A system diagram representing the food and fuel energy conversion chain. Green shaded boxes indicate organic processes and associated energy carriers, red shaded boxes indicate inorganic processes and associated energy carriers, orange shading indicate energy appropriation and post-production/transformation systems, yellow shaded boxes indicate energy inputs and outputs to the geobiosphere, and red dashed lines indicate system components not investigated in this analysis (Color figure online)

Our analysis only considers the energy products (wood fuel/primary solid biofuels) produced by forestry. We choose to adopt the terms: agriculture, aquaculture, fishing and forestry as they are the terms adopted by the FAO and IEA in accordance with the United Nations International Standard Industrial Classification of All Economic Activities Revision 4.

The paper is structured as follows: the methodology is presented in “Developing a Methodological Framework for a Global AAFF System Analysis” section, an overview of global AAFF based on the results of our analysis is detailed in “Results: An Energetic Overview of the Global AAFF Energy System” section, we then proceed to situate the results of our analysis within the context of the three unsustainable trends in “Discussion: Examining Global AAFF’s Three Unsustainable Trends” section, and finally “Conclusions”.

Developing a Methodological Framework for a Global AAFF System Analysis

Selecting an EROI Metric and Compatible System Boundary

Research on EROI in agroecosystems is divided into three strands: (i) national or sub-national EROI estimates, (ii) crop-specific EROI estimates and comparisons, and (iii) estimates which compare different production practices (Gingrich et al. 2018a, b), the first strand of which serves as the best framework for our study.
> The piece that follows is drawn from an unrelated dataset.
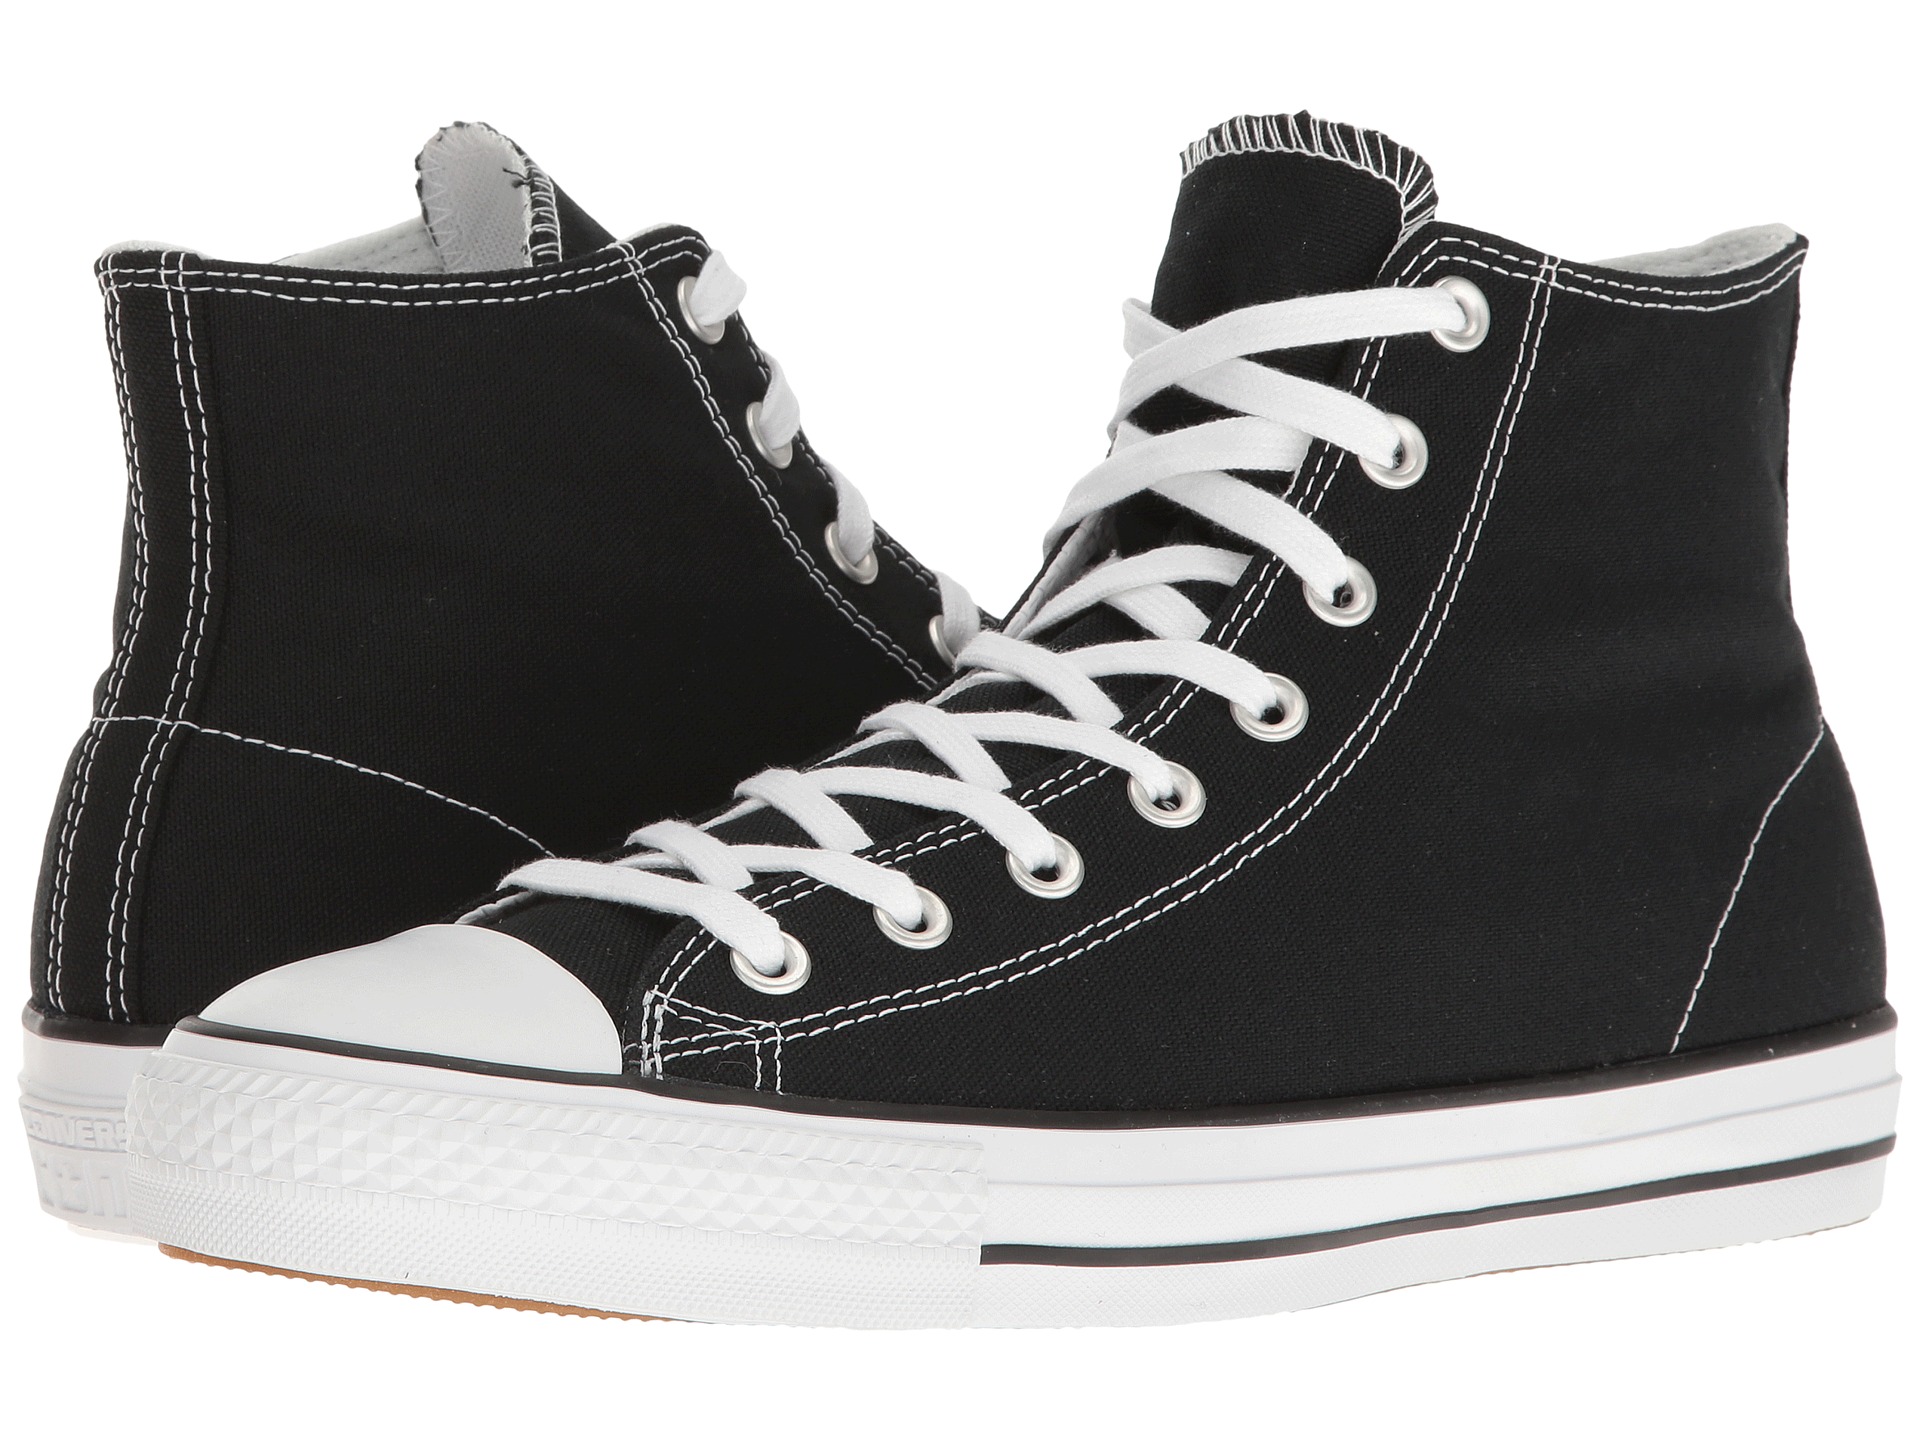 Converse Skate Chuck Taylor® All Star® Pro Rubber Infused Canvas Hi ...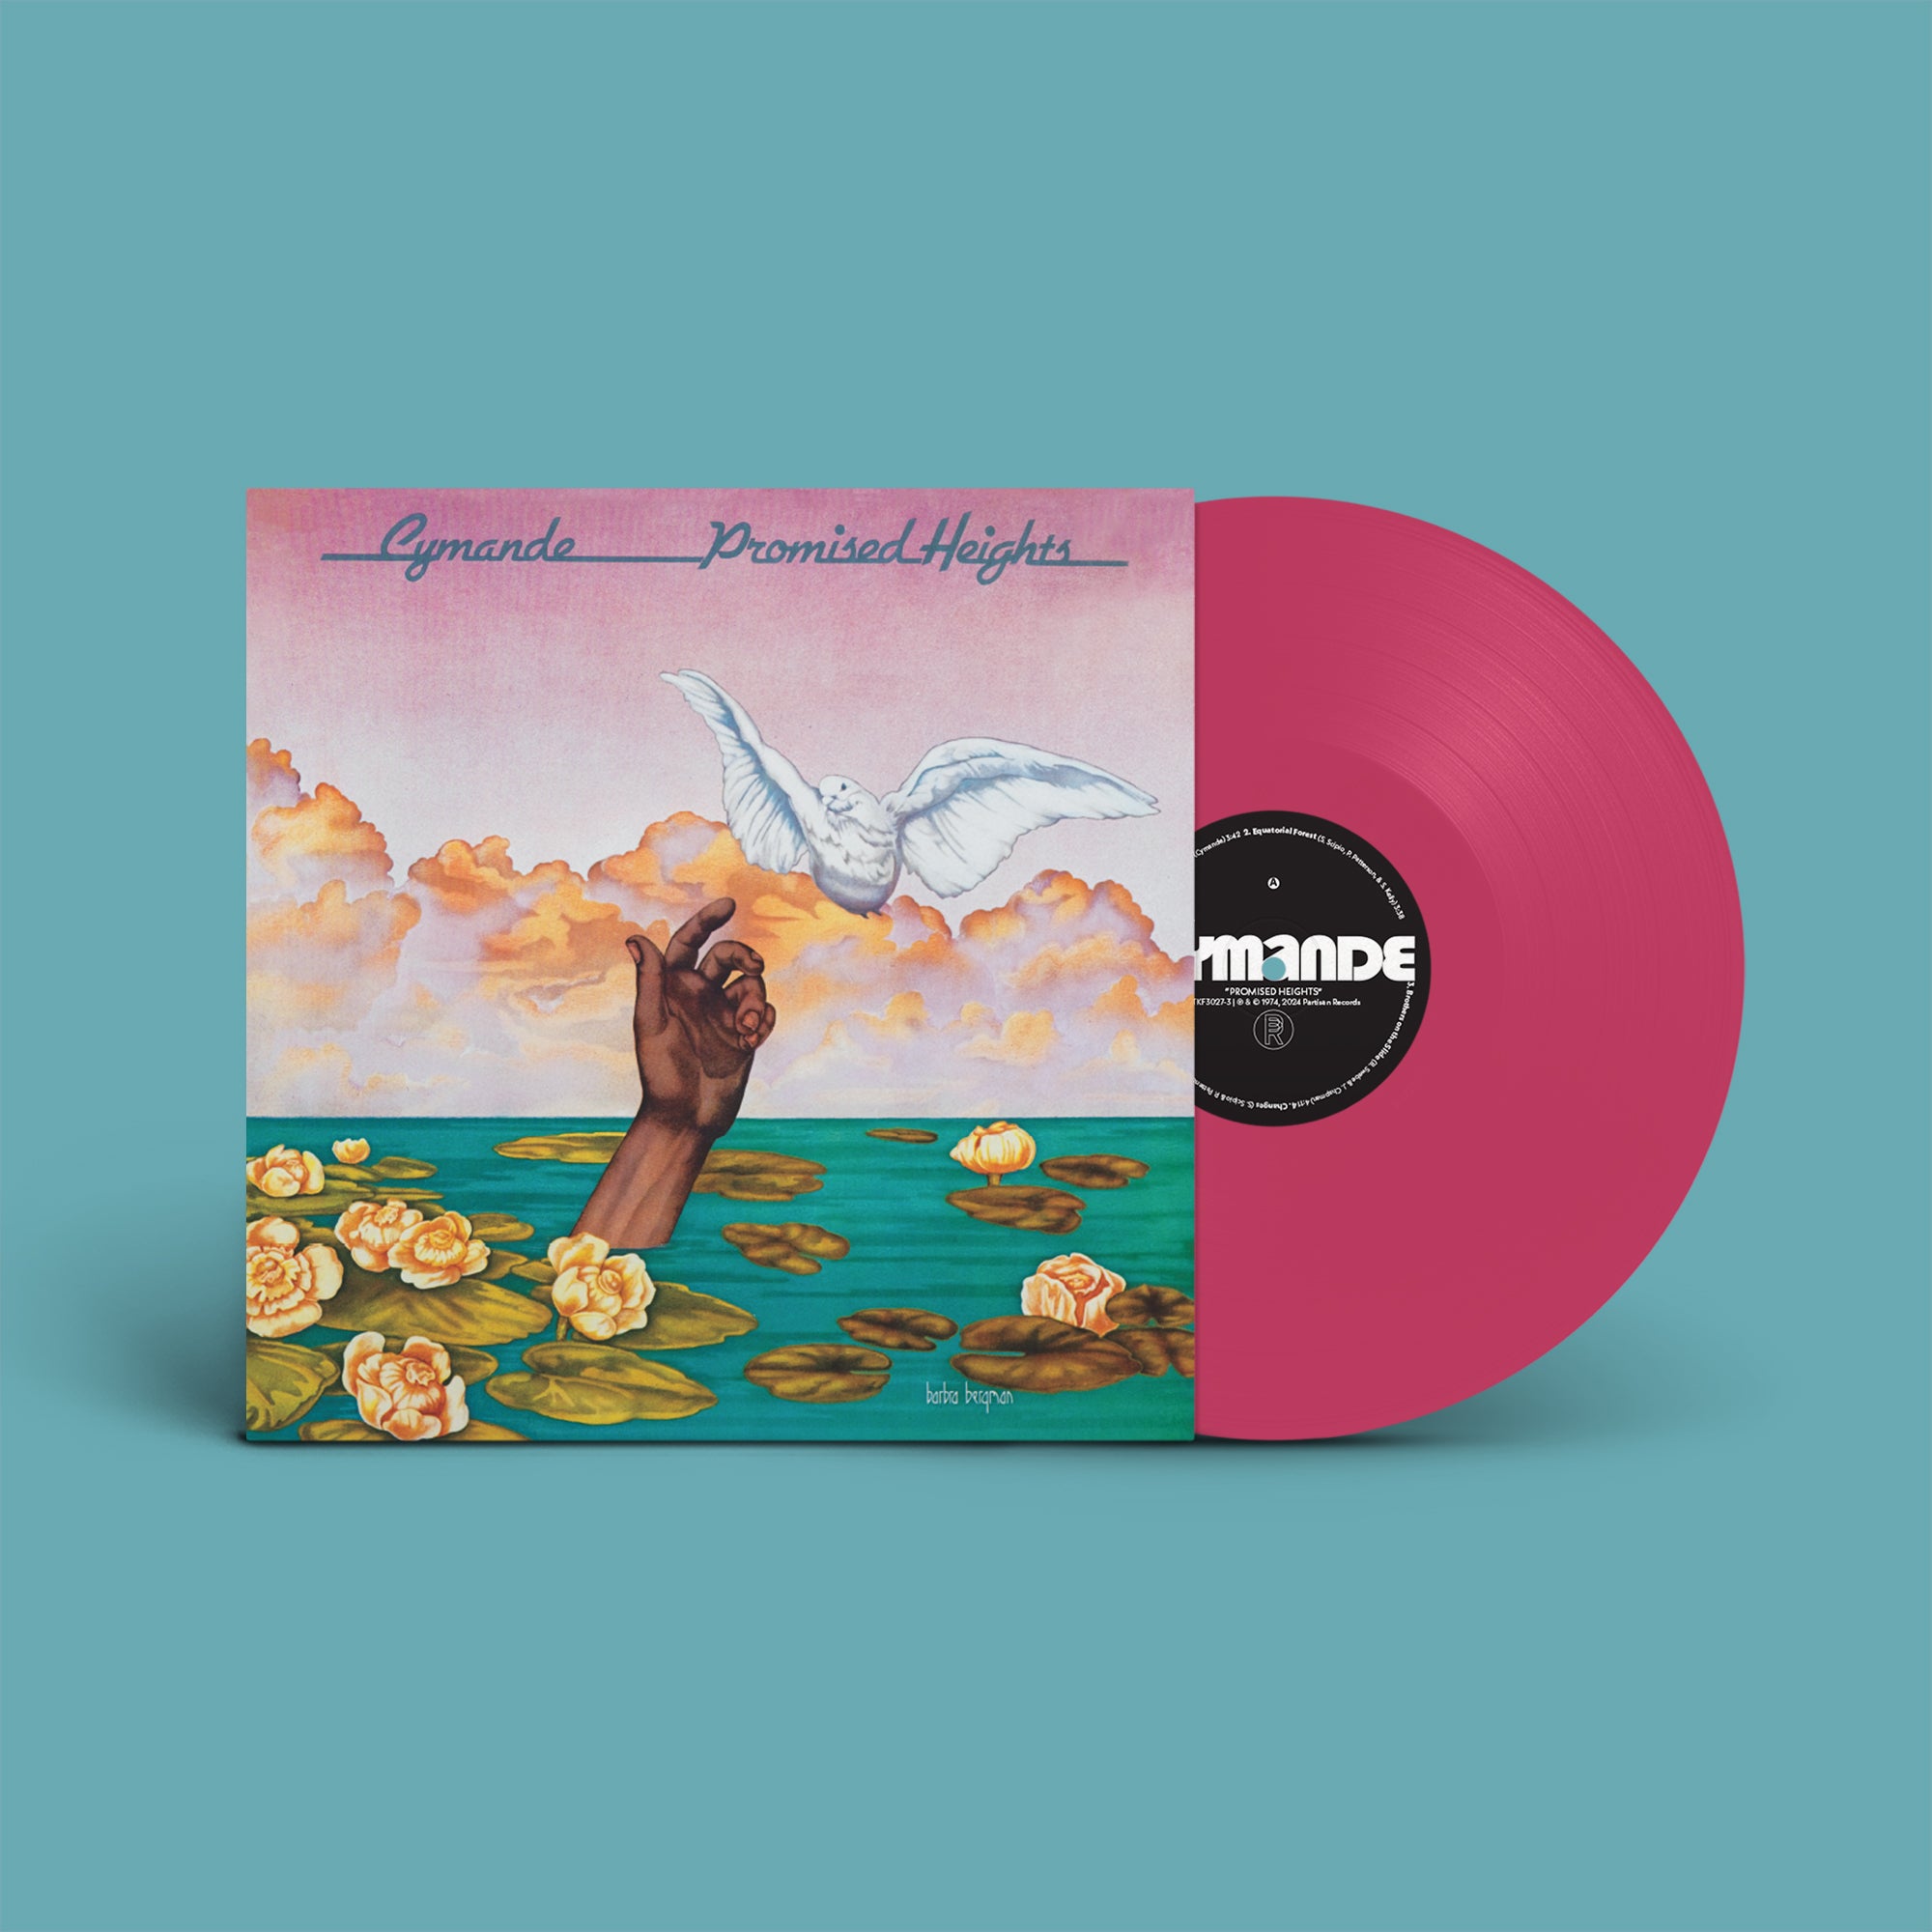 Cymande - Promised Heights: Limited Opaque Pink Vinyl LP

Numerous methods exist for calculating the EROI of agroecosystems, for which Guzman Casado and de Molina (2017) provide the most comprehensive guidelines. Their EROI metrics are structured around the three key energy flows in agroecosystems: (i) biomass production (outputs), (ii) external inputs, and (iii) internal inputs (recycled biomass). From these flows, three main EROI metrics are derived by Guzman Casado and de Molina (2017): (1) External Final EROI (EFEROI): the degree to which an agroecosystem is a net sink or source of energy to society; (2) Internal Final EROI (IFEROI): the efficiency of the reuse of biomass in the production of food, and therefore the degree of circularity of the systems metabolism; and (3) Final EROI (FEROI): the combined input–output ratio.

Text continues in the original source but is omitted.